Same idea as report 3, but with different variable names.

The sql command in this case returns the average of every field 'protein_length' from the table 'locusgene' where the field 'locus' matches the regular expression of each chromosome.

For example, for the first chromosome, the command would be:

SELECT AVG(protein_length) AS 'Average' FROM locusgene WHERE locus REGEXP 'AT1G[0-9]{5}';

In [19]:
### Report 4:
mean_fieldname = "protein_length" # name of the field where the mean is going to be computed
regex_fieldname = "locus" # name of the field where the regular expression is going to be matched
tablename = "locusgene" # name of the table

# we already have the chromosome_regexs list from report 3
#chromosome_regexs = ["AT" + str(num + 1) + "G[0-9]{5}" for num in range(5)]

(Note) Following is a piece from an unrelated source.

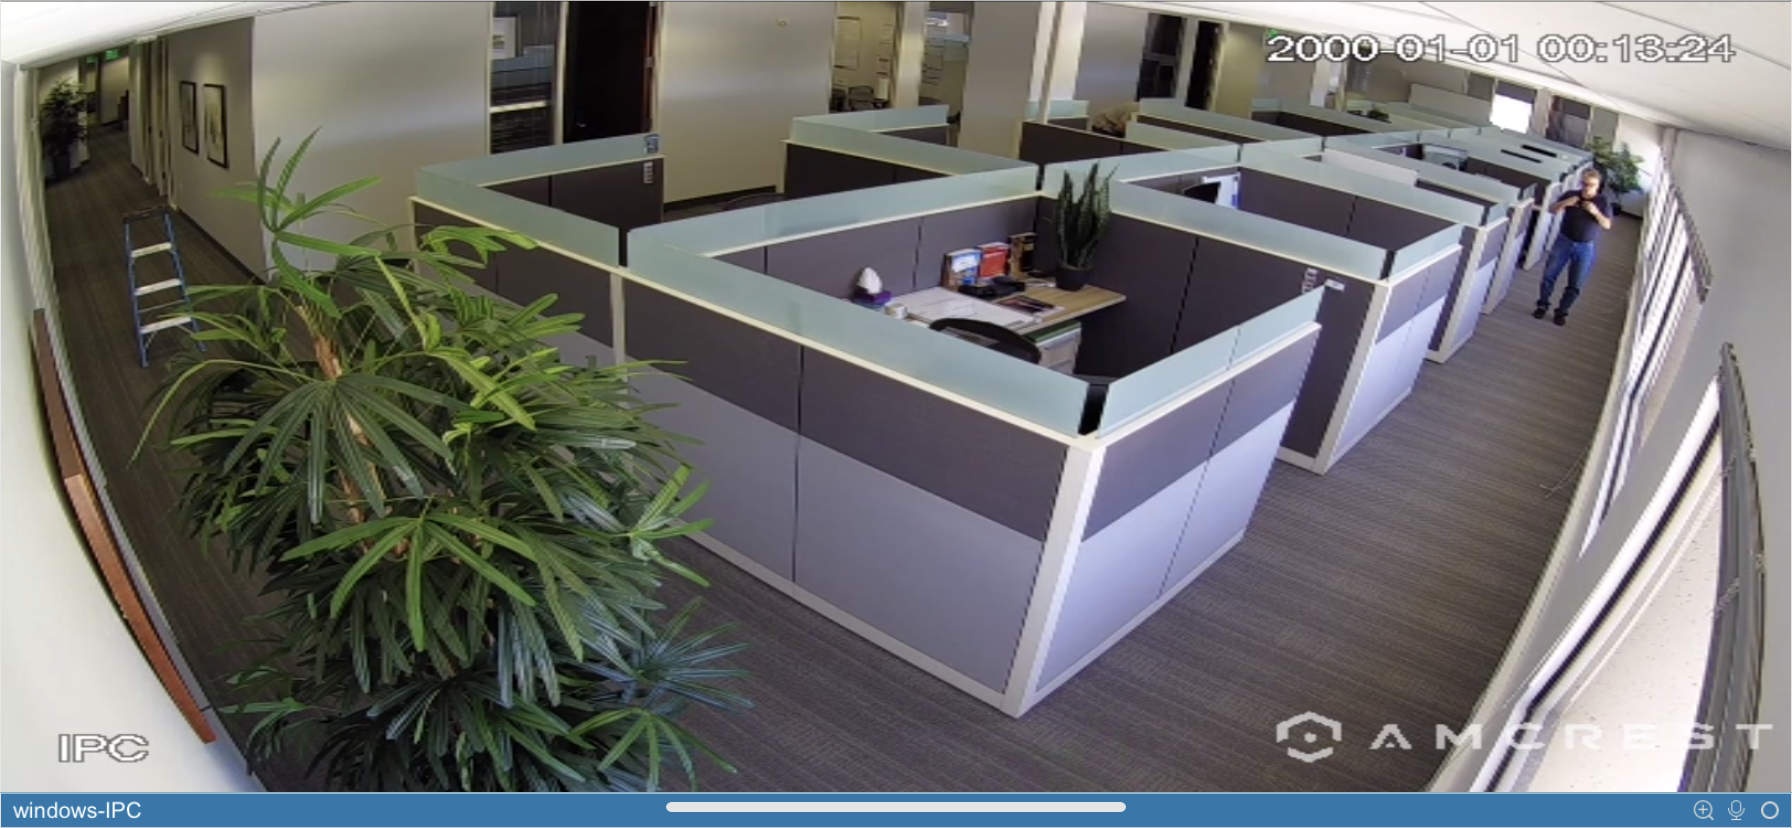 smart office technology powered by VANTIQ

average_lengths = {} # "Chromosome " + number : average protein length
# will store the results

for regex in chromosome_regexs:
    ### Creating the command:
    sql4 = """SELECT AVG(""" + mean_fieldname + """) AS 'Average' FROM """ + tablename + """ 
              WHERE """ + regex_fieldname + """ REGEXP '""" + regex + """'; """
    
    ### Executing the command and storing the numeric result into a dictionary:
    results4 = sql_command(connection, sql4) # executing the command with my function
    average = results4[0]["Average"] # getting the number from results4
    average_lengths["Chromosome " + regex[2]] = average # index 2 of the regex is the chromosome number

## Writing the report 4:
write_report_to_file(filename = "output_exam2.tsv", list_of_dicts = [average_lengths], title = "Report 4: \n")
# I input the dictionary inside of a list.